On February 3, 1863 Lincoln sent McClellan a letter summarizing their differences and asking five questions. In accordance with the cross-examination maxim to never ask a question when you don’t know the answer, Lincoln believed that he already knew the short answers to each of these questions. He hoped by his letter to cause McClellan to shake off his lethargy and get moving directly at the enemy. Lincoln’s letter [with the obvious answers inserted in brackets] is set forth below:

My dear Sir: You and I have distinct, and different plans for a movement of the Army of the Potomac---yours to be down the Chesapeake, up the Rappahannock to Urbana, and across land to the terminus of the Railroad on the York River---, mine to move directly to a point on the Railroad South West of Manassas.

If you will give me satisfactory answers to the following questions, I shall gladly yield my plan to yours.

1st. Does not your plan involve a greatly larger expenditure of time, and money than mine? [Yes.]

2nd. Wherein is a victory more certain by your plan than mine? [Nowhere.]

3rd. Wherein is a victory more valuable by your plan than mine? [Nowhere.]

4th. In fact, would it not be less valuable, in this, that it would break no great line of the enemie's communications, while mine would? [It would.]

5th.

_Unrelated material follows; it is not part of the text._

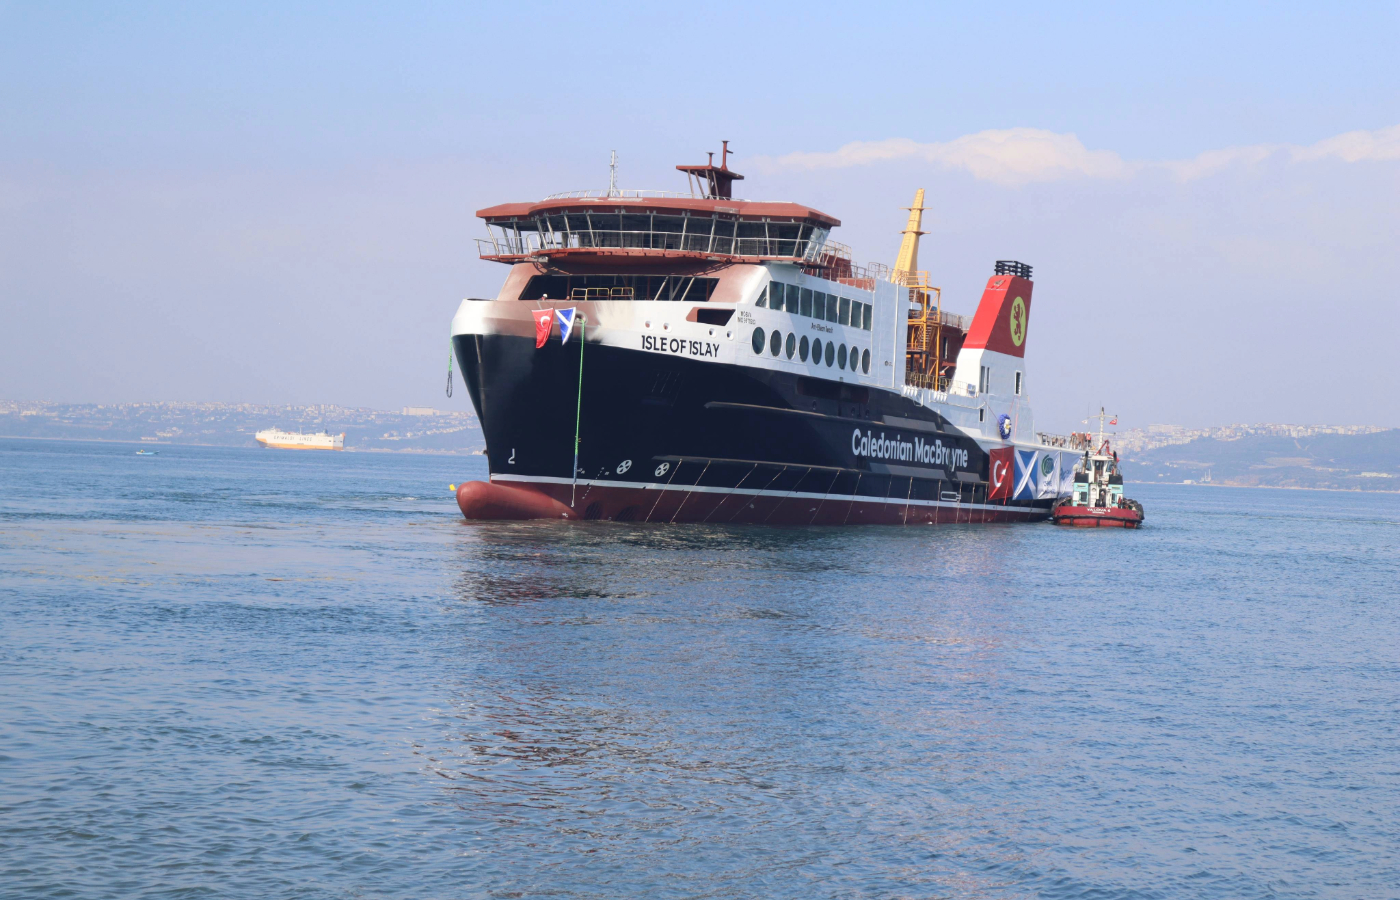 MV Isle of Islay successfully launches at the Cemre Marin Endustri shipyard in Yalova, Turkey.
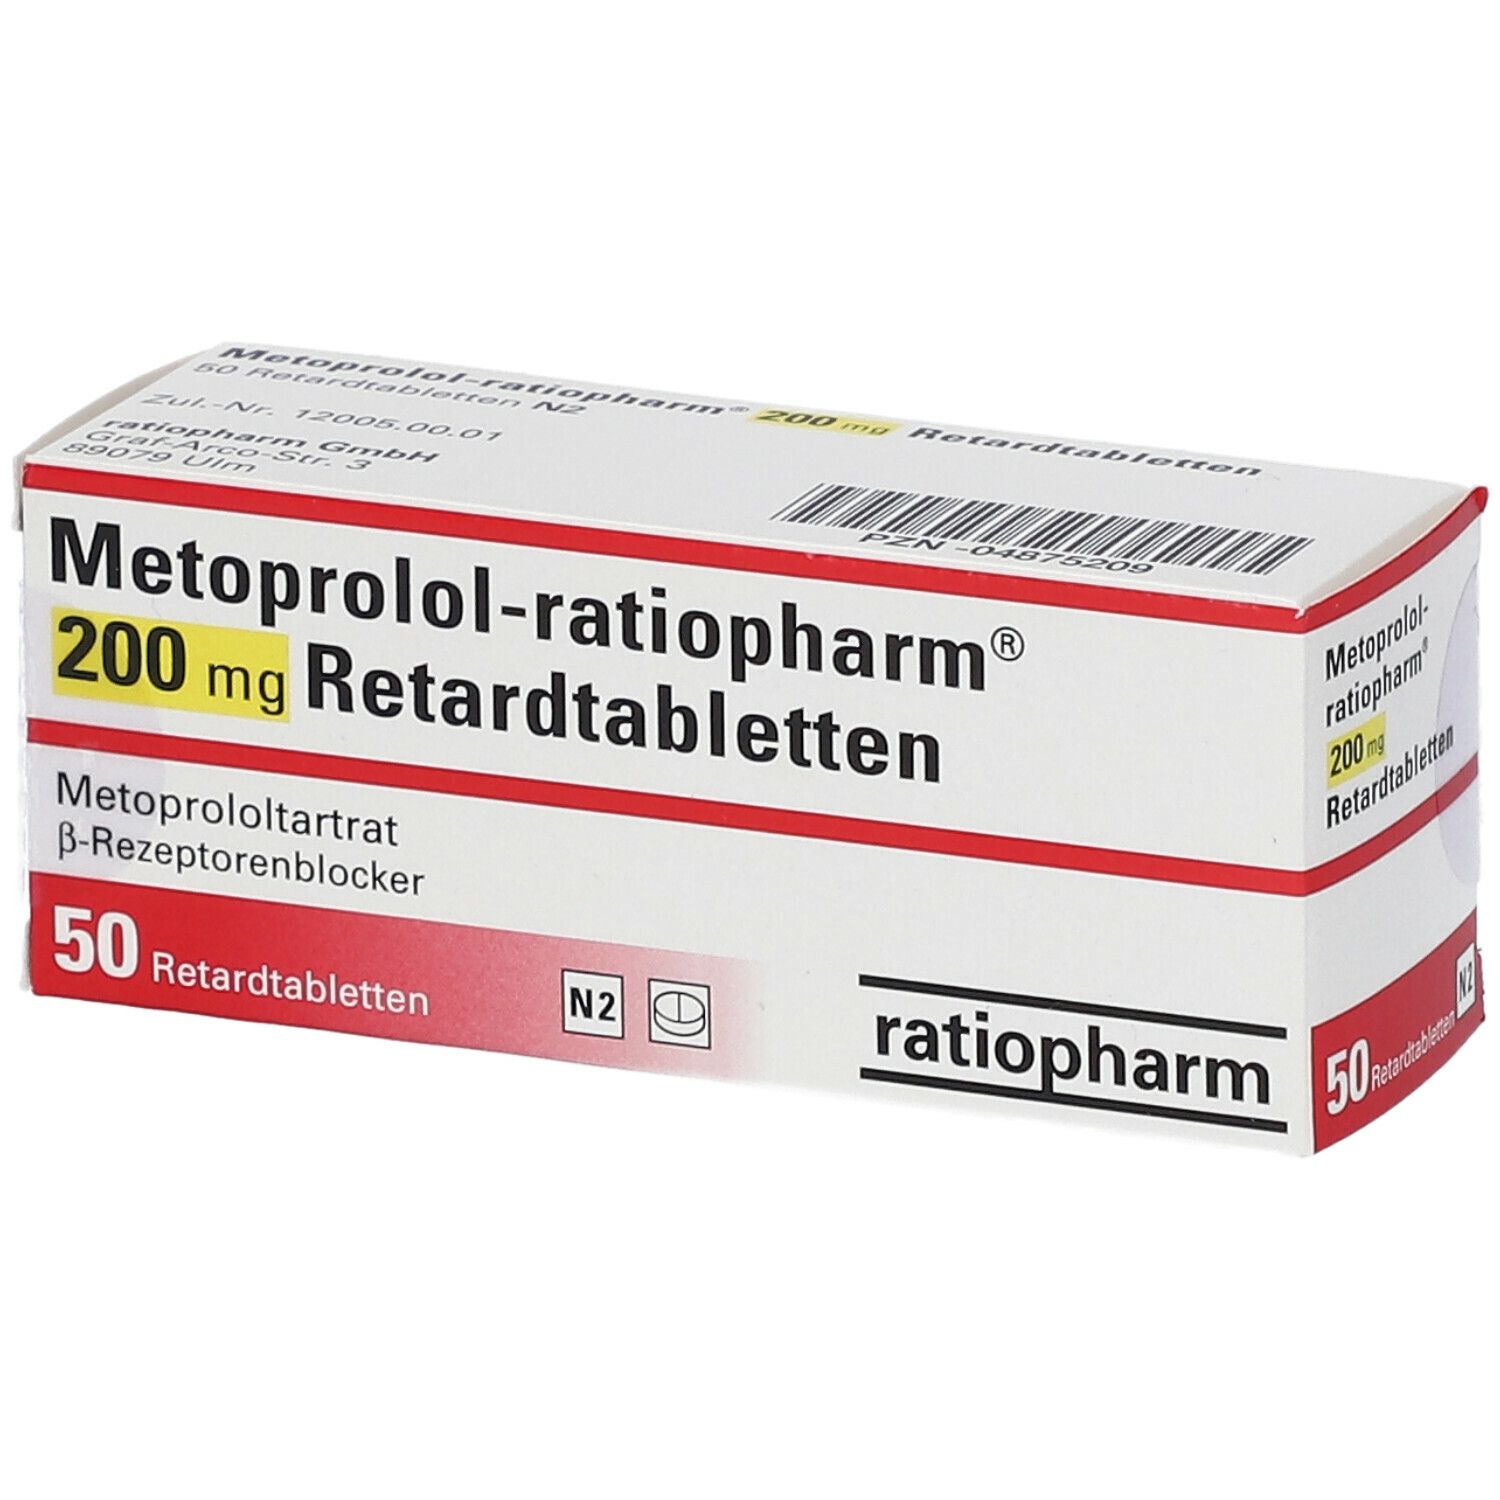 Metoprolol-ratiopharm® 200 mg

In case of disaster, would not a safe retreat be more difficult by your plan than by mine? [It would.]

Yours truly

The elephant in the room was the fact that McClellan’s plan would strip Washington of its defenses and expose it to a direct attack from the Confederates.

When a witness under cross-examination believes that the short answer to a question will be harmful, the witness will engage in any number of evasive techniques, one of which is to give a long, self-serving dissertation which camouflages the lack of a direct response in a torrent of words. This may or may not have been McClellan’s objective when he answered the questions, but his lengthy response [reproduced at 5 Complete Works of Abraham Lincoln pp. 121-124] did fail to give direct answers to the questions.

Unfortunately for Lincoln’s plan, he was in the war room, not in the courtroom. Although he probably would have been able to get a jury to agree with him he was unable to goad McClellan into direct action.